15:36:15 <tidwellr> yeah, looks like we're just waiting to see if this strikes again
15:36:47 <tidwellr> can we take https://bugs.launchpad.net/neutron/+bug/1605277 off the agenda?
15:36:47 <openstack> Launchpad bug 1605277 in neutron "[IPAM] 'Internal' ipam driver does not allow to delete all pools on subnet update" [High,Fix released] - Assigned to Carl Baldwin (carl-baldwin)
15:37:11 <carl_baldwin> Yes
15:37:28 <tidwellr> cool, done
15:37:45 <tidwellr> https://bugs.launchpad.net/neutron/+bug/1603162
15:37:45 <openstack> Launchpad bug 1603162 in neutron "Pluggable IPAM rollback fails with reference driver" [High,In progress] - Assigned to Carl Baldwin (carl-baldwin)
15:38:04 <tidwellr> carl_baldwin: any luck with this one?
15:38:31 <carl_baldwin> I've had some discussion on the ML with kevinbenton . We have some ideas.
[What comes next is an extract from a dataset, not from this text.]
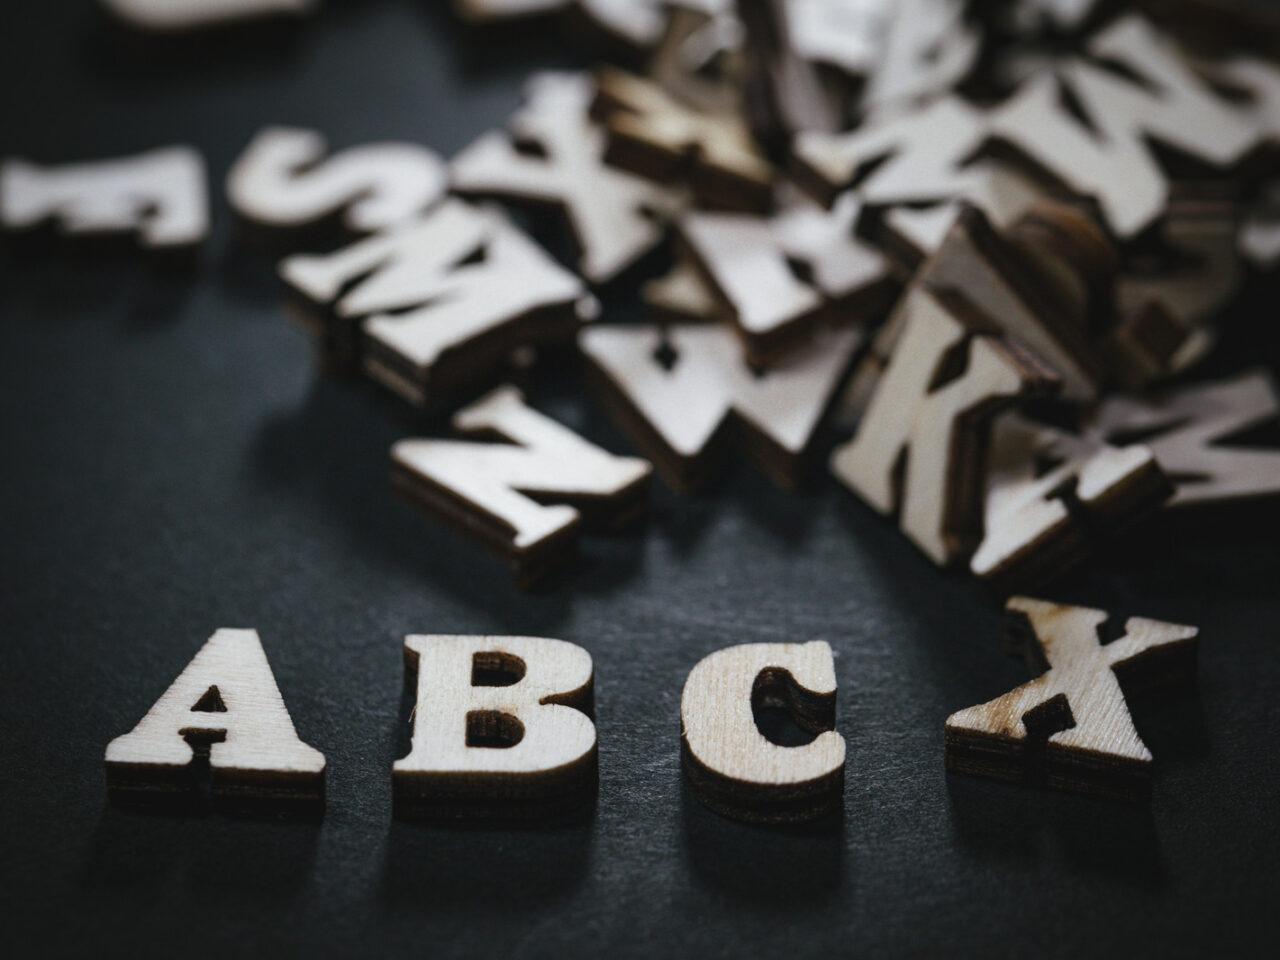 特殊文字&記号で名前を作れるコピペ&コピーツール!可愛い&おしゃれのサムネイル画像
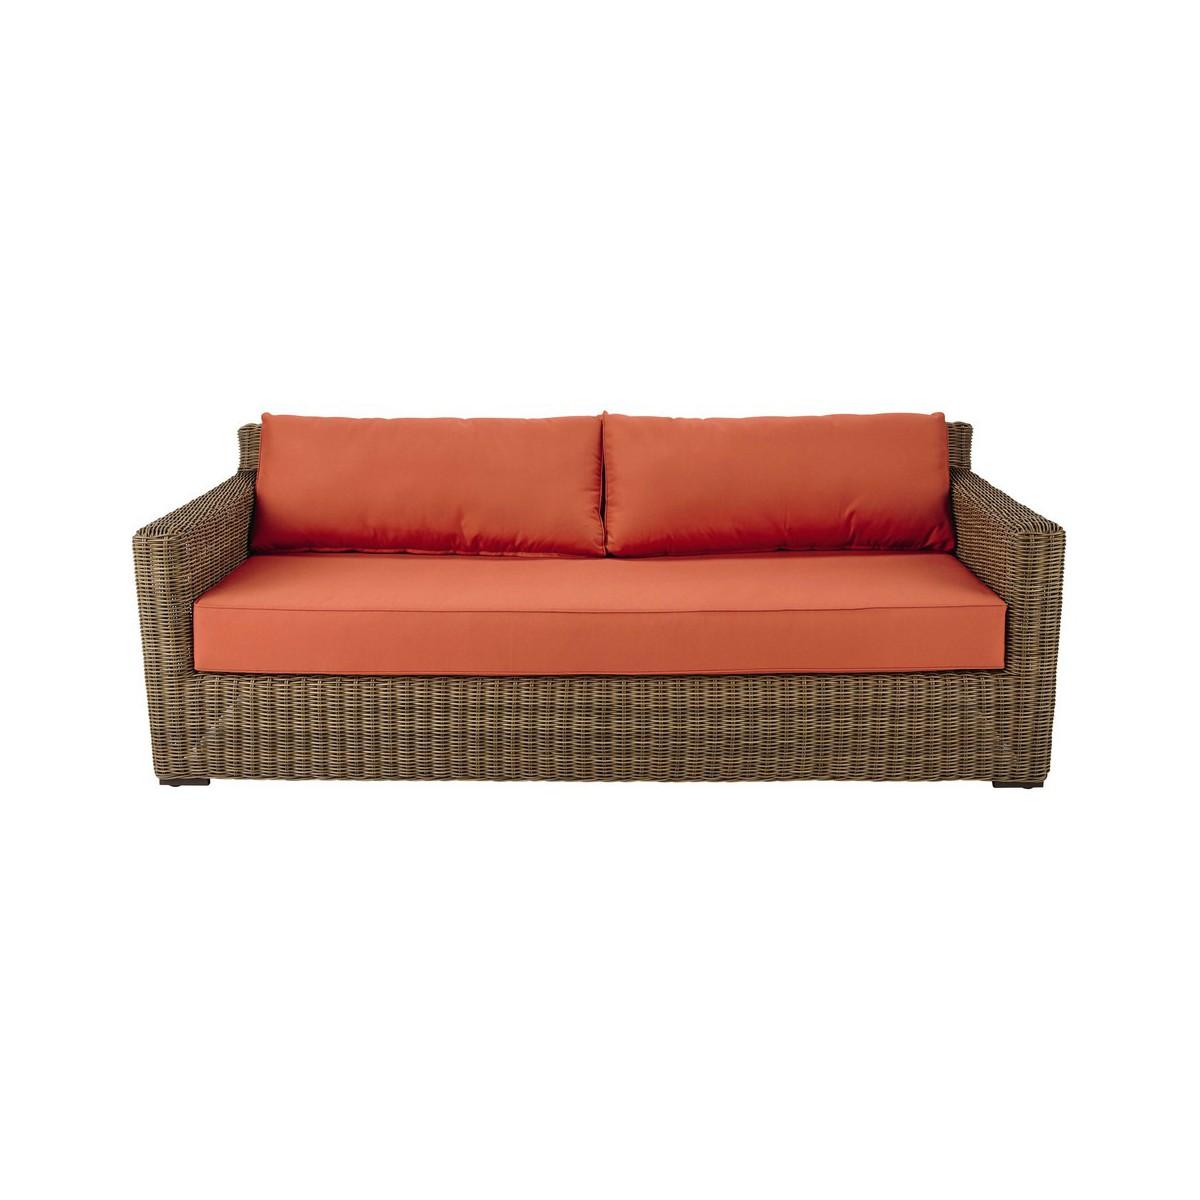 Canap de jardin 3 4 places en r sine tress e et tissu rouge brique - Canape 4 places tissu ...

15:38:40 <carl_baldwin> I've got to get on this one quickly.
15:39:02 <carl_baldwin> I'll be working on it today.
15:39:04 <tidwellr> this is a blocker for the cutover to pluggable IPAM, right?
15:40:06 <carl_baldwin> Yes.
15:40:10 <tidwellr> ok
15:40:18 <tidwellr> https://bugs.launchpad.net/neutron/+bug/1608406
15:40:18 <openstack> Launchpad bug 1608406 in neutron "BGP: DVR fip host routes query including legacy/HA fip routes" [Undecided,In progress] - Assigned to LIU Yulong (dragon889)
15:40:31 <tidwellr> just wanted to call this out as it has backport potential
15:40:53 <tidwellr> this is my worst BGP nightmare come true
15:41:20 <carl_baldwin> :(
15:42:00 <tidwellr> we're sending the wrong next-hop for a FIP
15:42:42 <haleyb> tidwellr: just for mitaka, right?  just updating bug tags
15:42:57 <tidwellr> both newton and mitaka
15:43:26 <haleyb> for backport i meant :)
15:43:32 <mlavalle> lol
15:43:44 <tidwellr> oh, right
15:43:53 <tidwellr> yes, mitaka for backport :)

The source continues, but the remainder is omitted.